The final pieces in the allocation puzzle are the other allocation-tracking map pages - GAM, SGAM, PFS, ML map, and DIFF map pages. All of the following explanation holds for SQL Server 2000 and all subsequent releases so far. For any of these pages you can do a dump-style 3 DBCC PAGE dump and it will interpret the page and give you a human readable form of the allocation tracking data.

GAM pages

GAM stands for Global Allocation Map. If you remember from before, database data files are split up into GAM intervals (don't get confused - they're not split physically, just conceptually). A GAM interval is equivalent to the amount of space that the bitmaps in GAM, SGAM, ML map, DIFF map, and IAM pages track - 64000 extents or almost 4GB. These bitmaps are the same size in each of these five page types and have one bit per extent, but they mean different things in each of the different allocation pages.

The bits in the GAM bitmap have the following semantics:

• bit = 1: the extent is available for allocation (you could think of it as currently allocated to the GAM page)
• bit = 0: the extent is already allocated for use

These semantics are the same for mixed and dedicated/uniform extents.

One thing to note, at the start of every GAM interval is a GAM extent which contains the global allocation pages that track that GAM interval. This GAM extent cannot be used for any regular page allocations. The first GAM extent starts at page 0 in the file and has the following layout:

• Page 0: the file header page (another post!)
• Page 1: the first PFS page
• Page 2: the first GAM page
• Page 3: the first SGAM page
• Page 4: Unused in 2005+
• Page 5: Unused in 2005+
• Page 6: the first DIFF map page
• Page 7: the first ML map page

SGAM pages

I remember last year having an email discussion about what the 'S' stands for in SGAM. Various names have been used over the years inside and outside Microsoft but the official name that Books Online uses is Shared Global Allocation Map. To be honest, we always just call them 'es-gams' and never spell it out.

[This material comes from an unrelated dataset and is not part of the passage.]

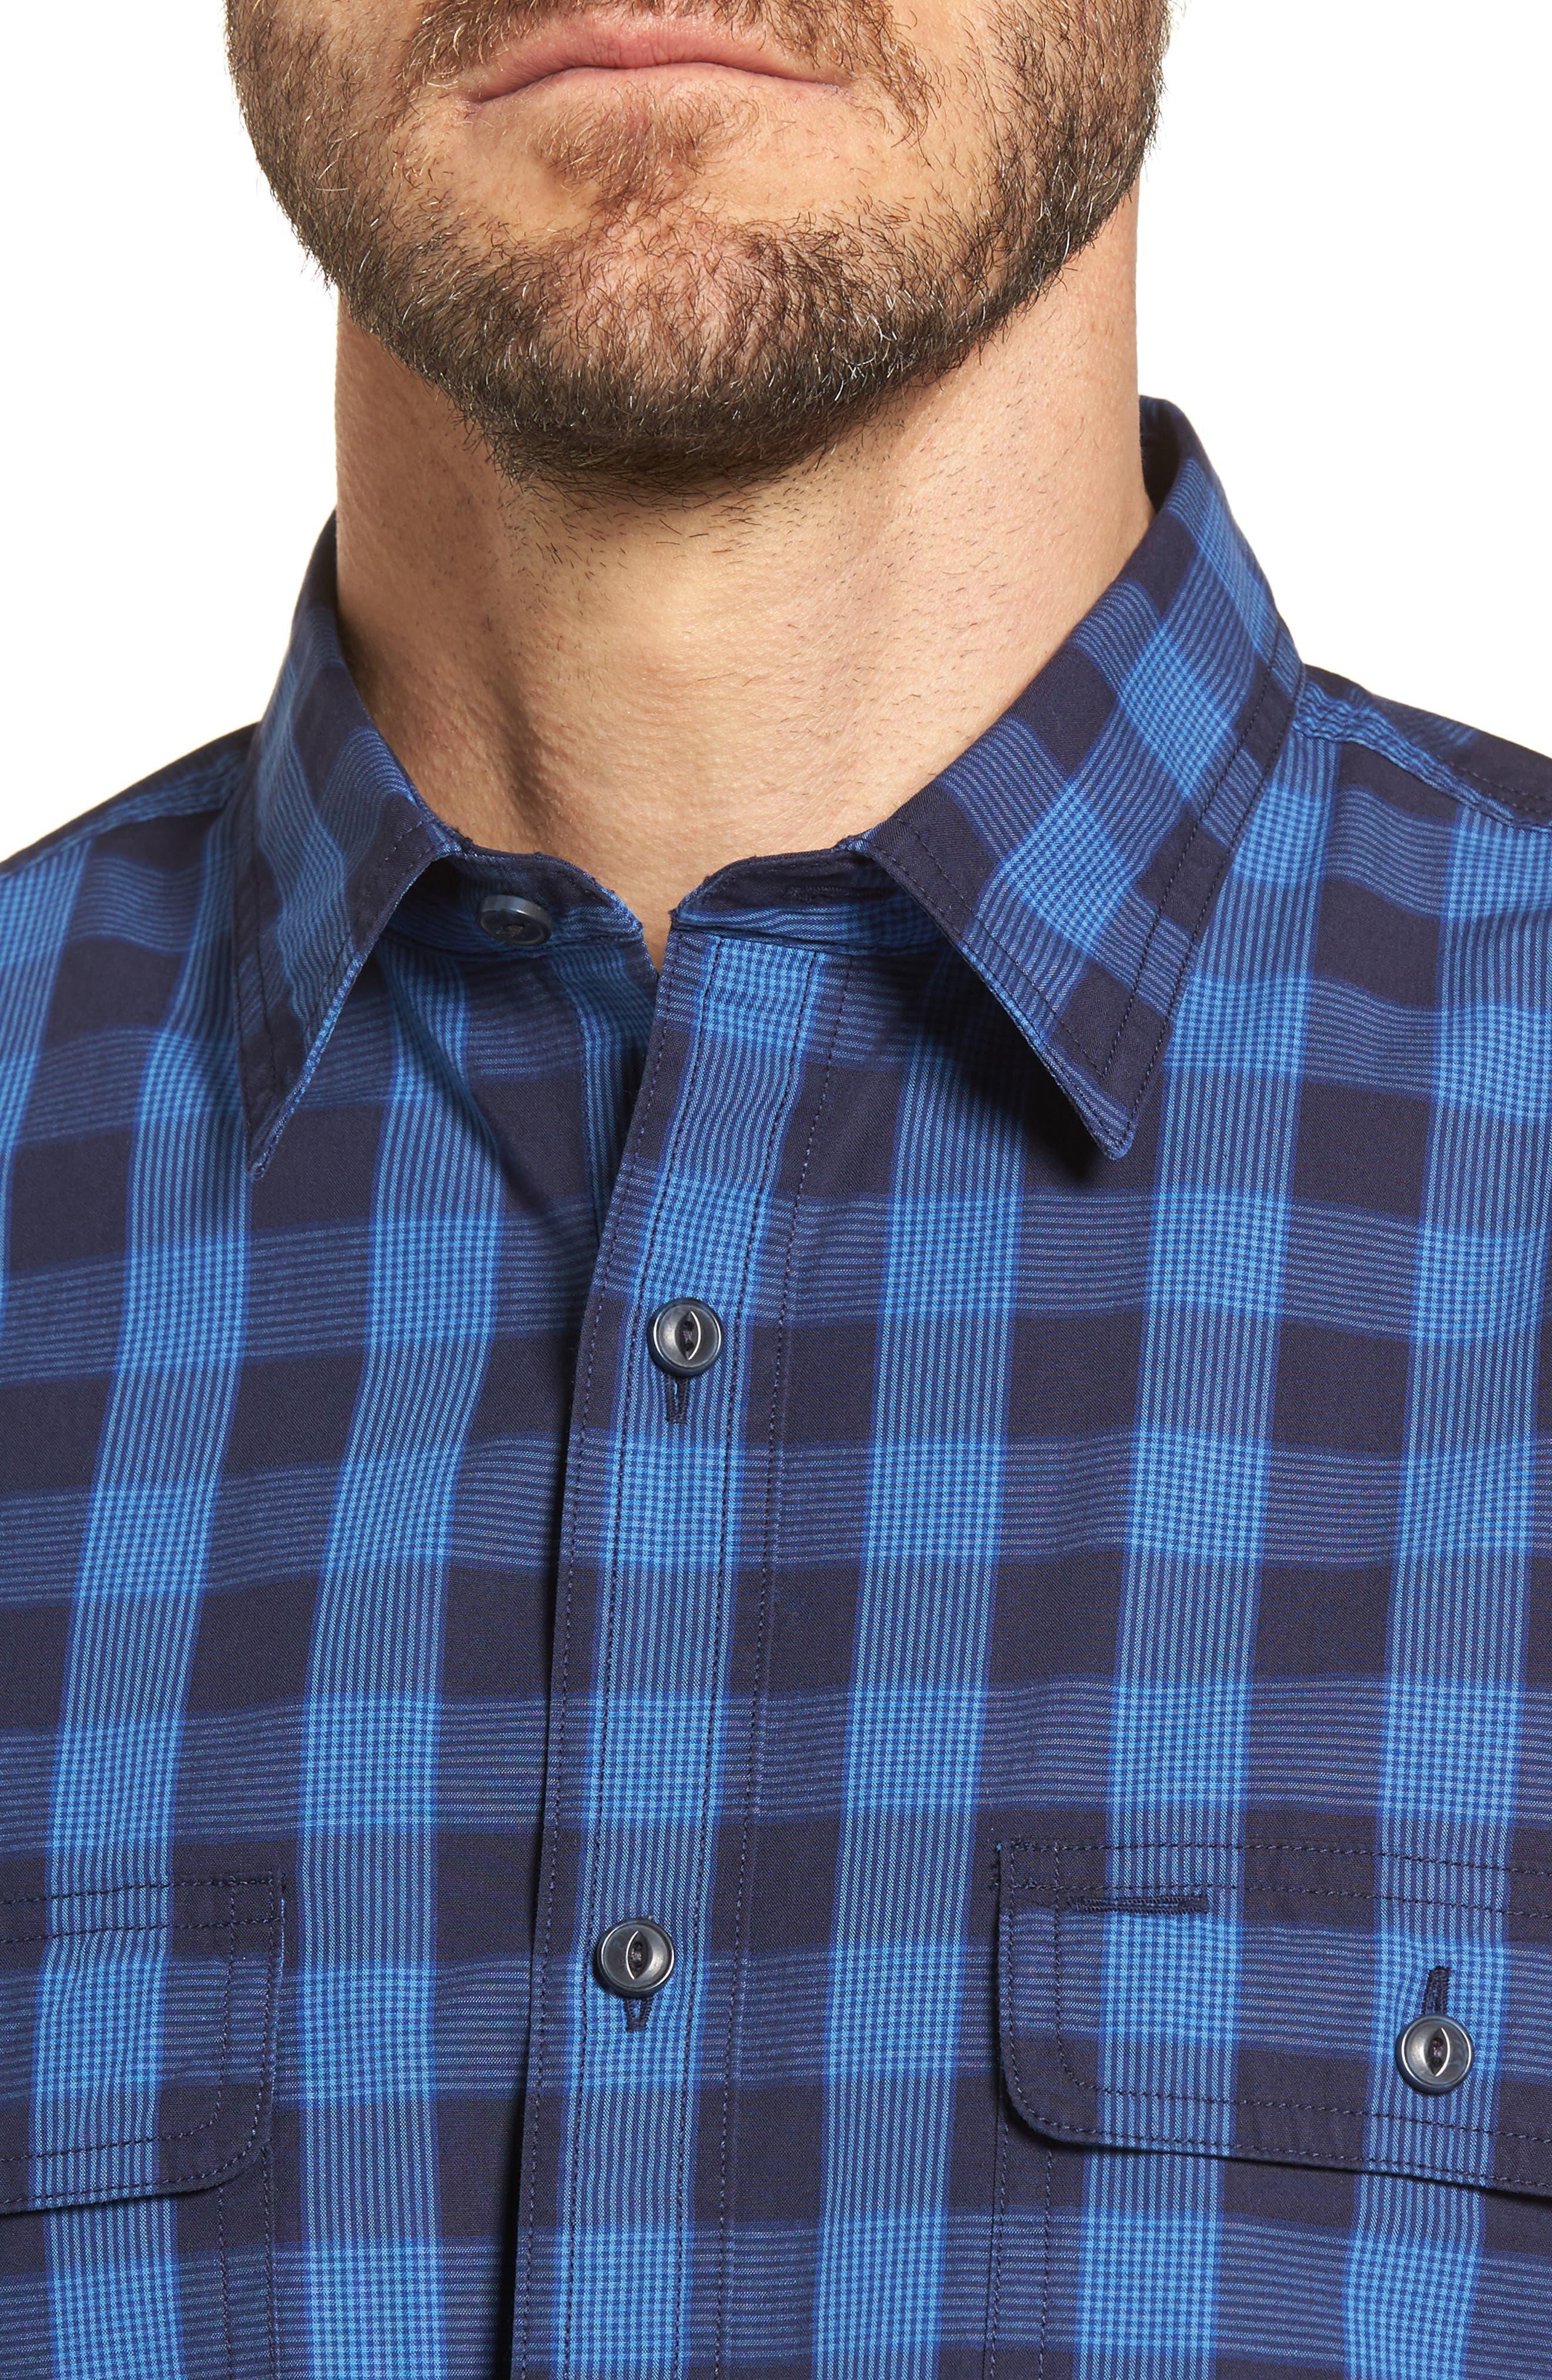 Trim Fit Plaid Trucker Sport Shirt,                             Alternate thumbnail 2, color,                             Navy Iris Blue Check

As I said above, the SGAM bitmap is exactly the same as the GAM bitmap in structure and the interval it covers, but the semantics of the bits are different:

• bit = 1: the extent is a mixed extent and has at least one unallocated page available for use
• bit = 0: the extent is either dedicated or is a mixed extent with no unallocated pages (essentially the same situation given that the SGAM is used to find mixed extents with unallocated pages)

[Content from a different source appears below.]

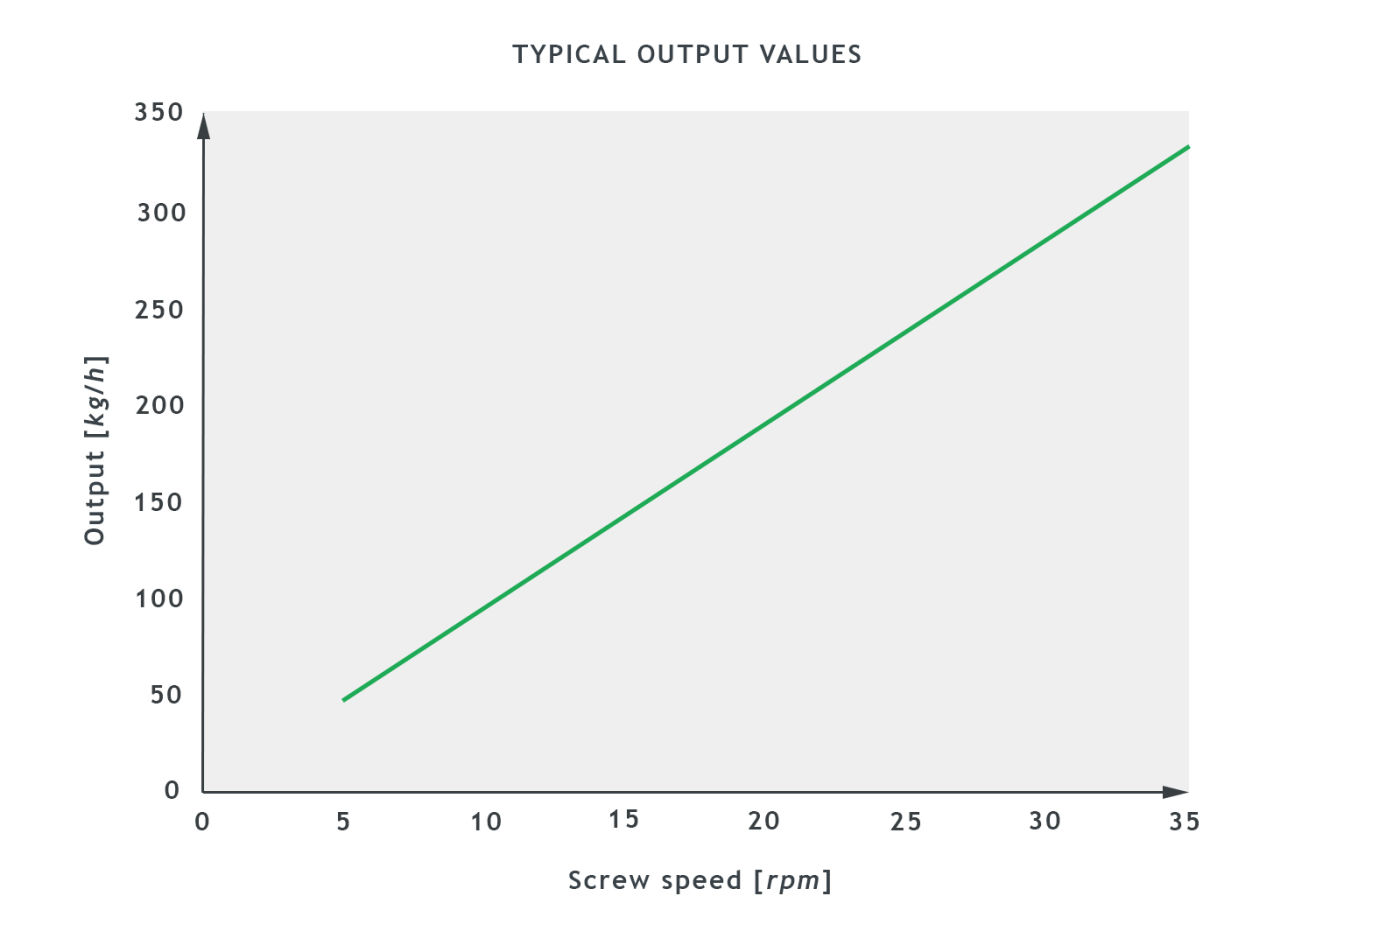 MXI150_24D_SB0102151_Output_graph1.jpg

Combining GAM, SGAM, and IAM pages

So, taking the GAM, SGAM and IAM pages together (remember that in the IAM bitmap, the bit is set if the extent is allocated to the IAM chain/allocation unit), the various combinations of bits are:

You can see that only 4 of the 8 possible bit combinations for any particular extent are valid. Anything else constitutes a corruption of some sort and can lead to all kinds of horrible situations.

ML map pages

ML stands for Minimally Logged. These pages track which extents have been modified by minimally-logged operations since the last transaction log backup when using the BULK_LOGGED recovery model. The idea is that the next transaction log backup will backup the log as usual, and then also include all the extents marked as changed in these bitmaps. The combination of these extents, plus the transaction log in the backup gives the differences that have occured in the database since the previous transaction log backup. The ML page bitmaps are cleared once they've been read. If you don't ever use the BULK_LOGGED recovery model, these pages are never used.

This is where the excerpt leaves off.